### Brief
Copy exactly the stretch of lines from the one holding "View down a" through the last line of the data below, inclusive. Leave out pictures.

### Dataset section
=== Begin Enclosure ===
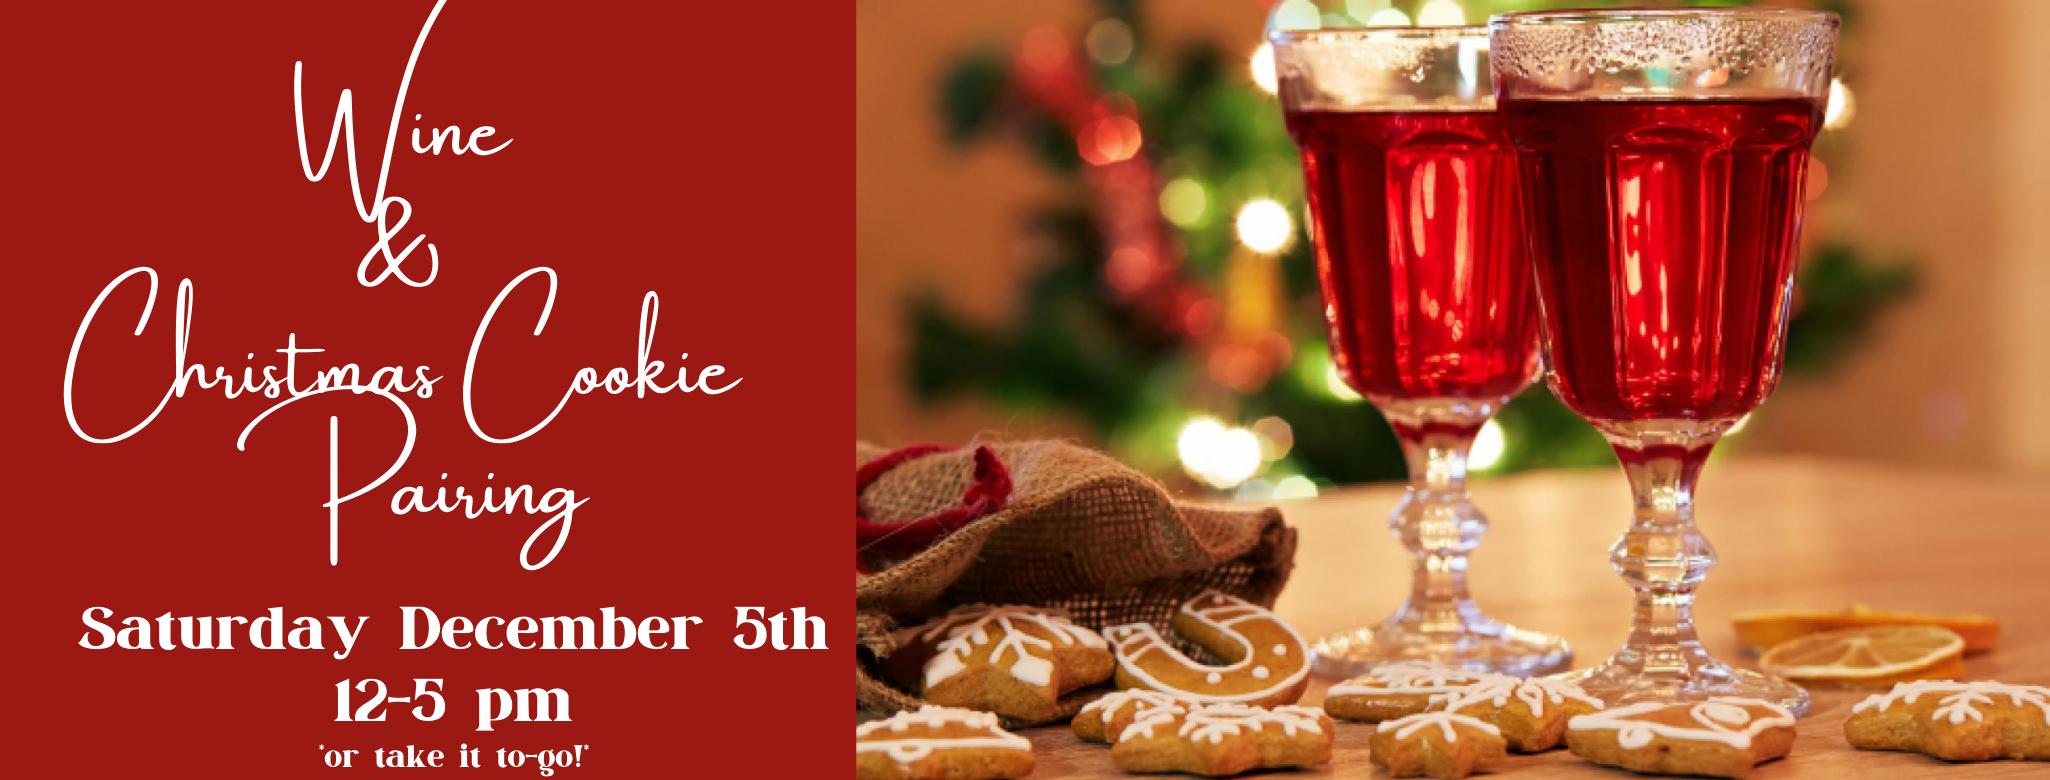 Wine & Christmas Cookie Pairing
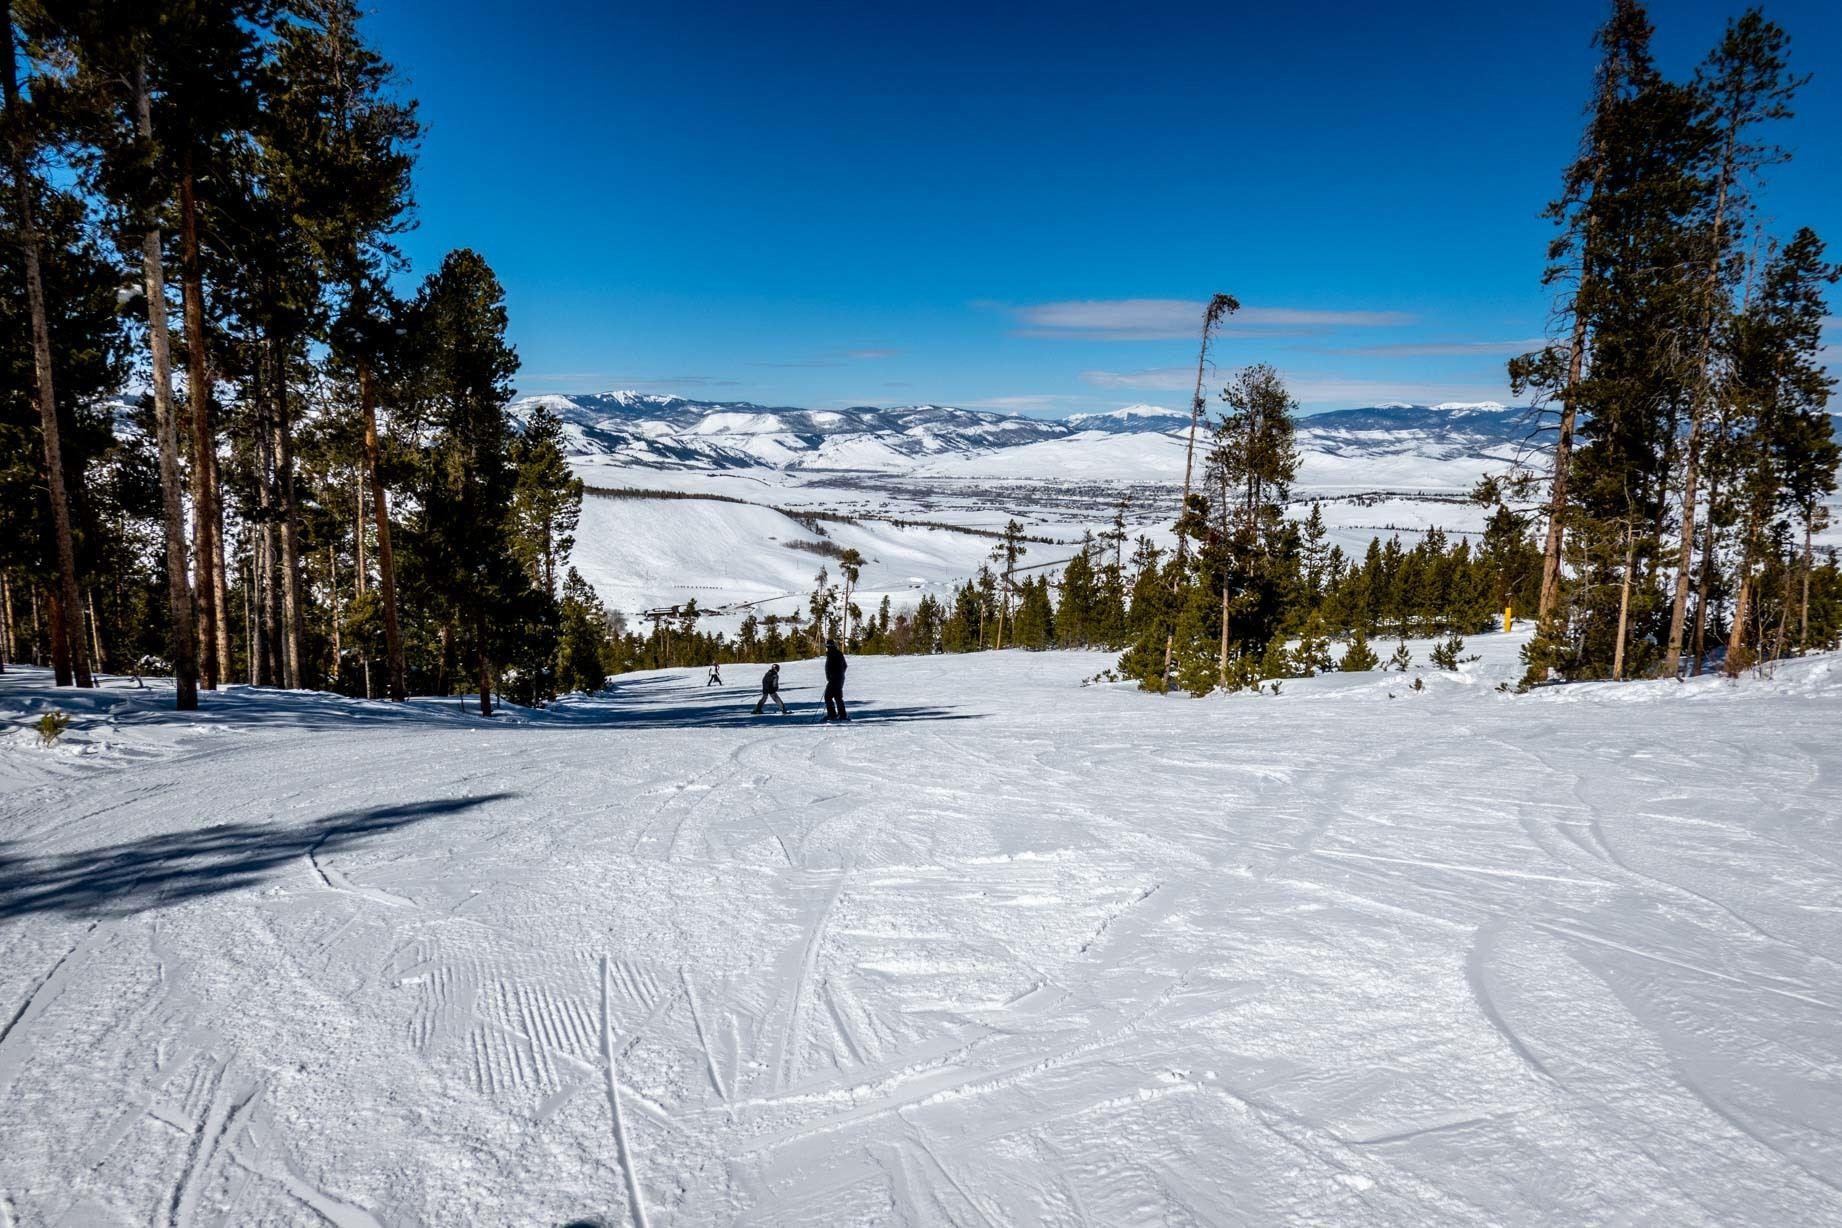 View down a ski run at Granby Mountain Ranch ski area
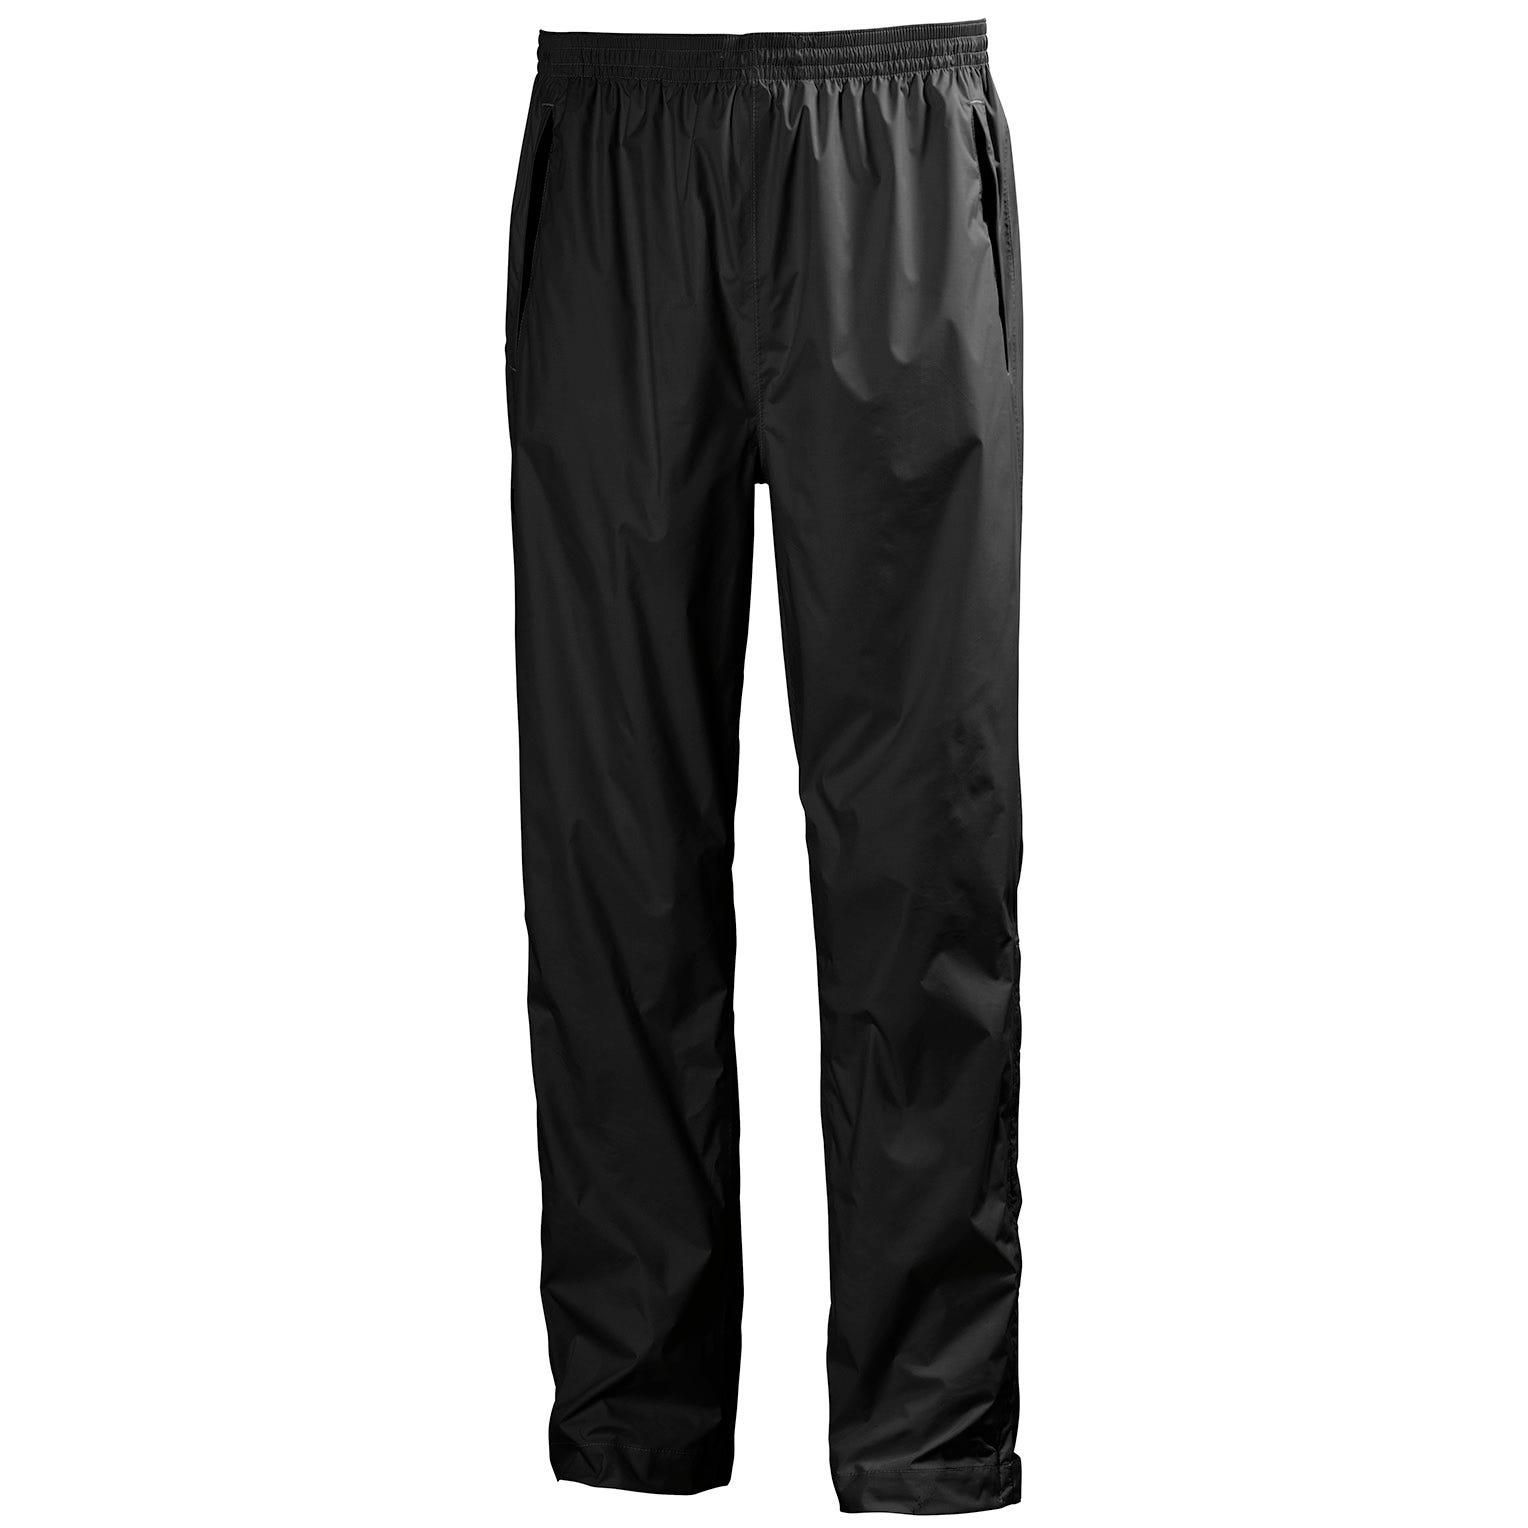 Helly Hansen Loke Pants Mens Hiking Pant Black XXL
=== End Enclosure ===
### Response to this exercise
 View down a ski run at Granby Mountain Ranch ski area
 Helly Hansen Loke Pants Mens Hiking Pant Black XXL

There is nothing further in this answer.